I didn’t know wizards had sisters.

“Neither did he.”

You know what you should do? You should feed him. Food makes me feel better. That’s what I did when my sister died.

“You ate her?”

Of course not.  I don’t remember who ate her. I had a horse. It was delicious. But seriously, you should feed him.

“He’s a wizard.”

So? He can take it.

I took the stick out of the fire and examined the marshmallow. It was brown and crunchy on the outside, but not burned. A perfect marshmallow. I looked at the wizard.

“Wizard.”

No response. I thought for a second, rotating the stick, and then said it.

“Kevin.”

He jerked and looked at me. He blinked. “What?”

I wiggled the marshmallow at him. “Do you want a marshmallow?”

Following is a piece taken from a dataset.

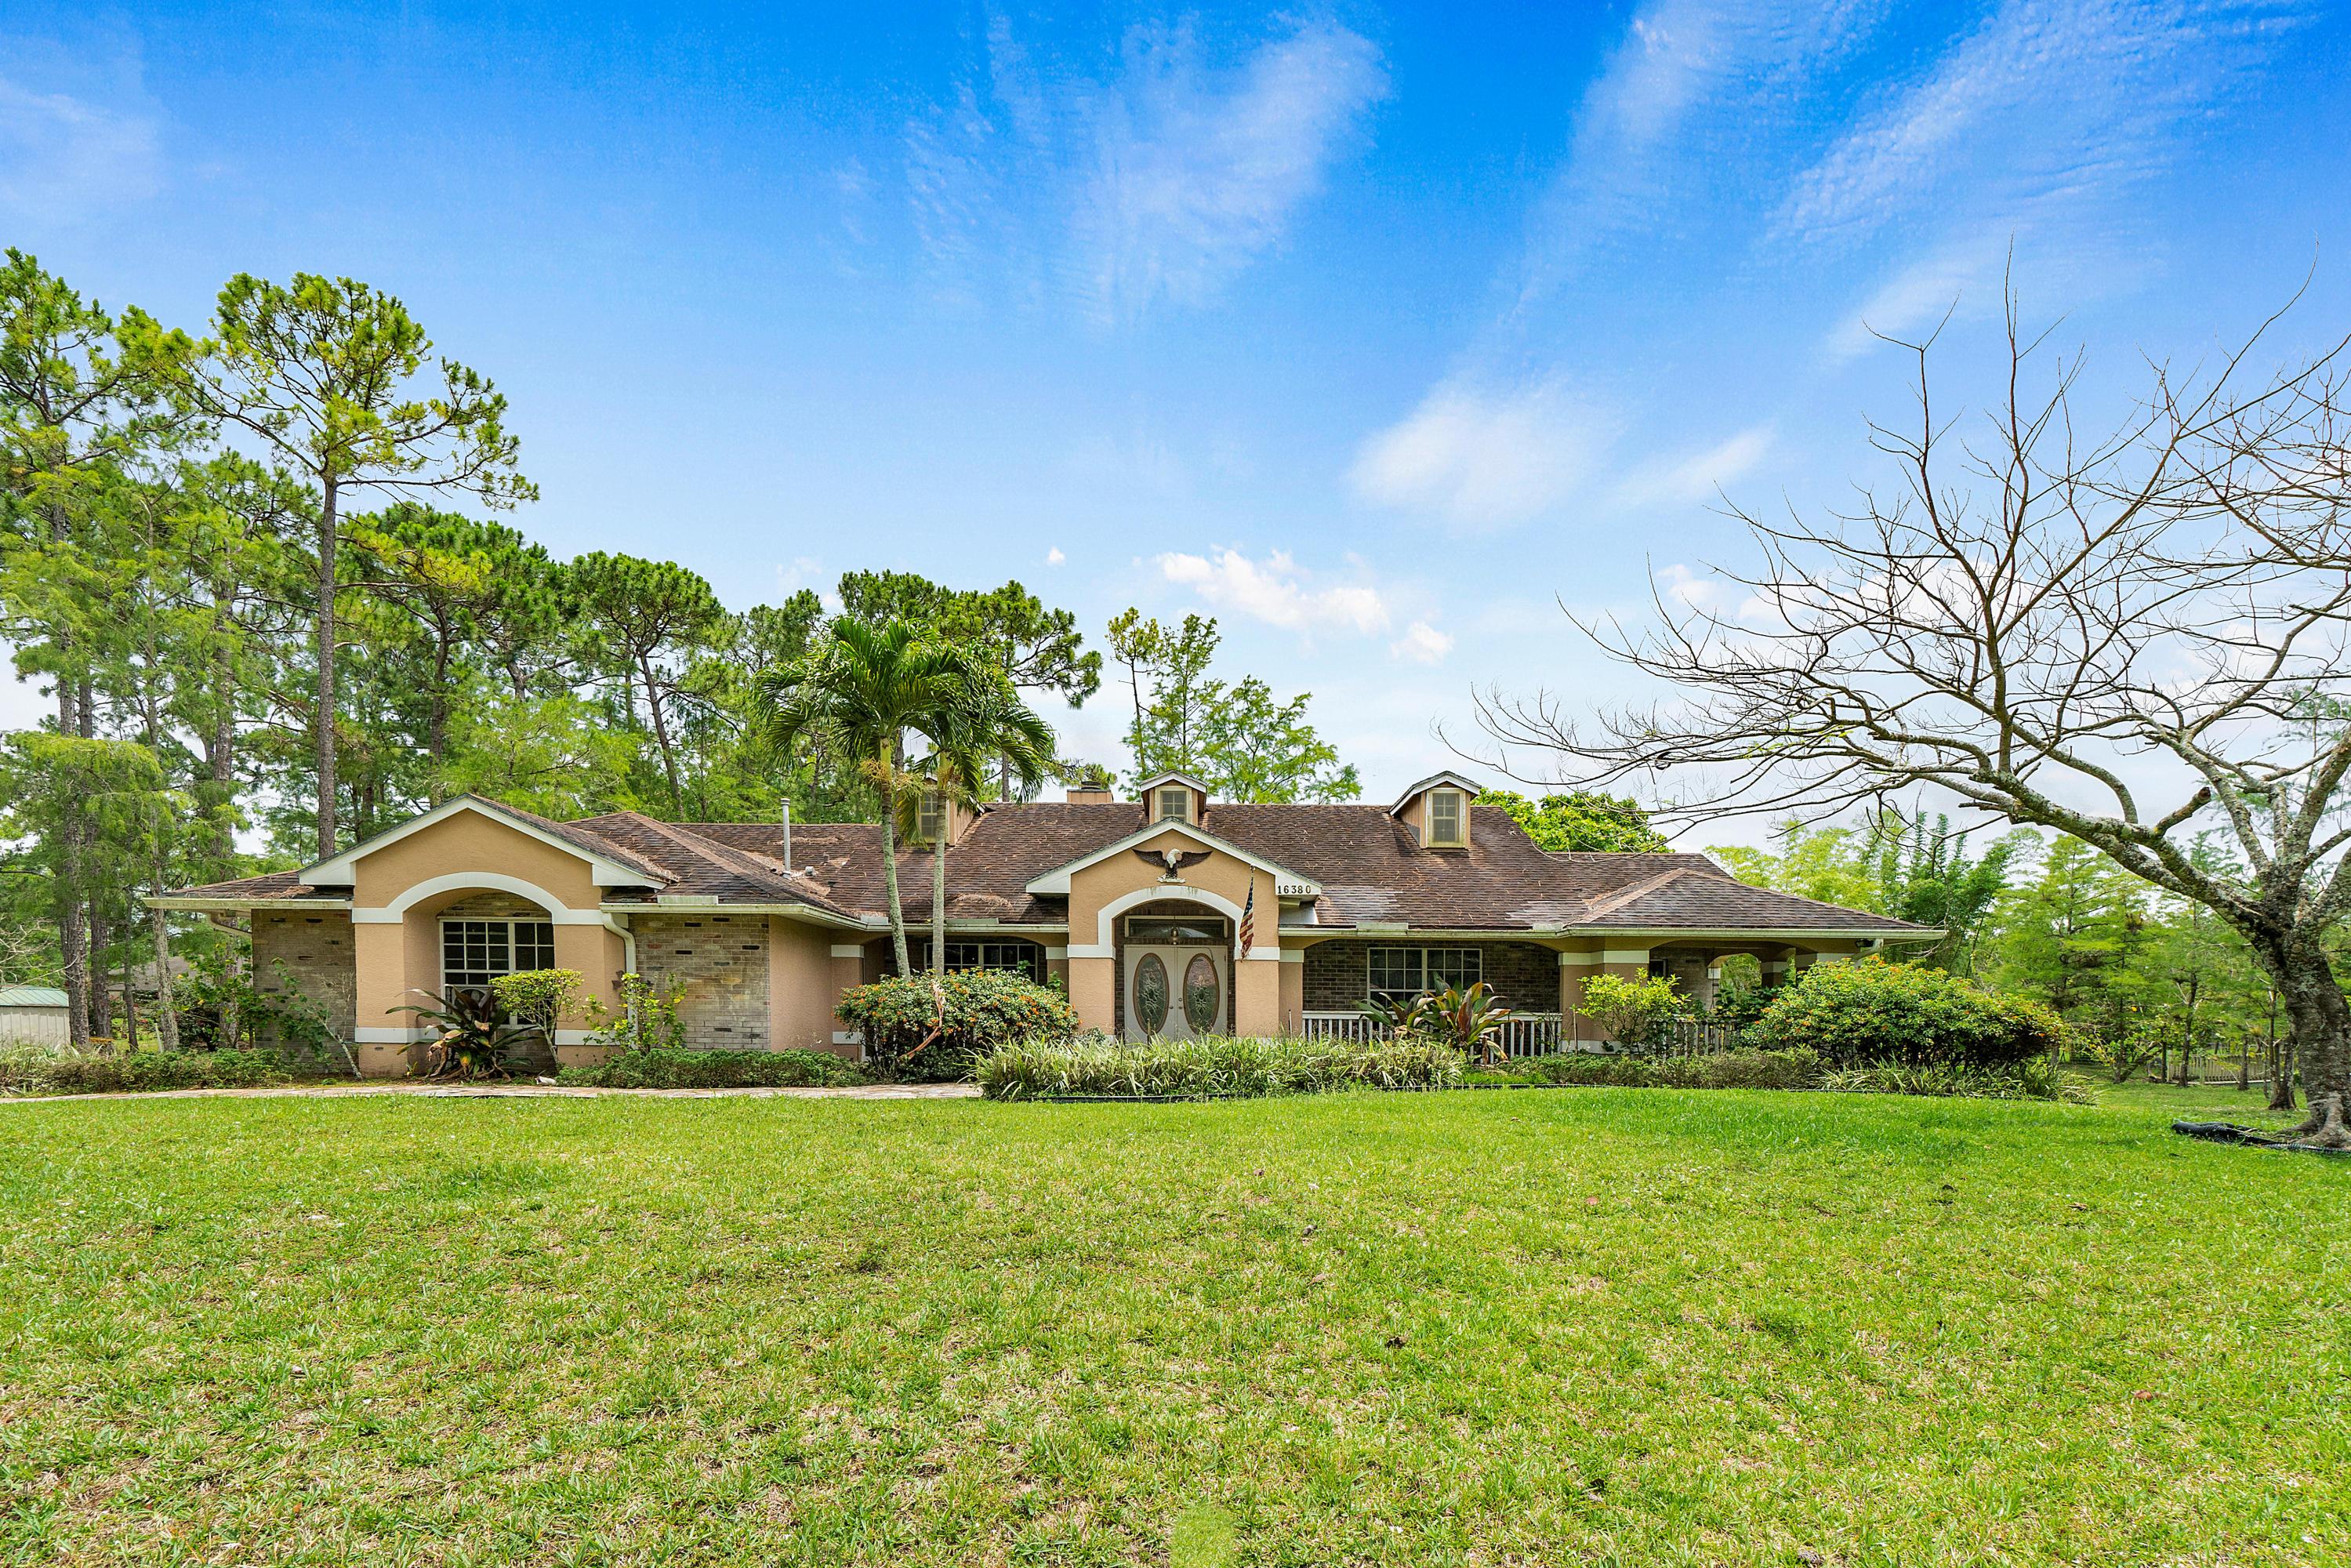 Loxahatchee- Florida 33470, 4 Bedrooms Bedrooms, ,3 BathroomsBathrooms,Residential,For Sale,67th,RX-10530333

He stared at it as thought he had never seen it’s like in his life. “A marshmallow?”

Pure sugar, every wizard should try one once in his life, Zucchini mumbled contentedly.

The wizard, Kevin, looked at me. “Did you mean what you said. Was it true?”

“It could be true.”

He stared at the marshmallow for a long moment. “I would like a marshmallow.”

I gave him that one and started another and Zucchini purred softly at my back. And the dragon, the wizard, and I sat down and had a bite to eat, and we were, for the second at least, content and still.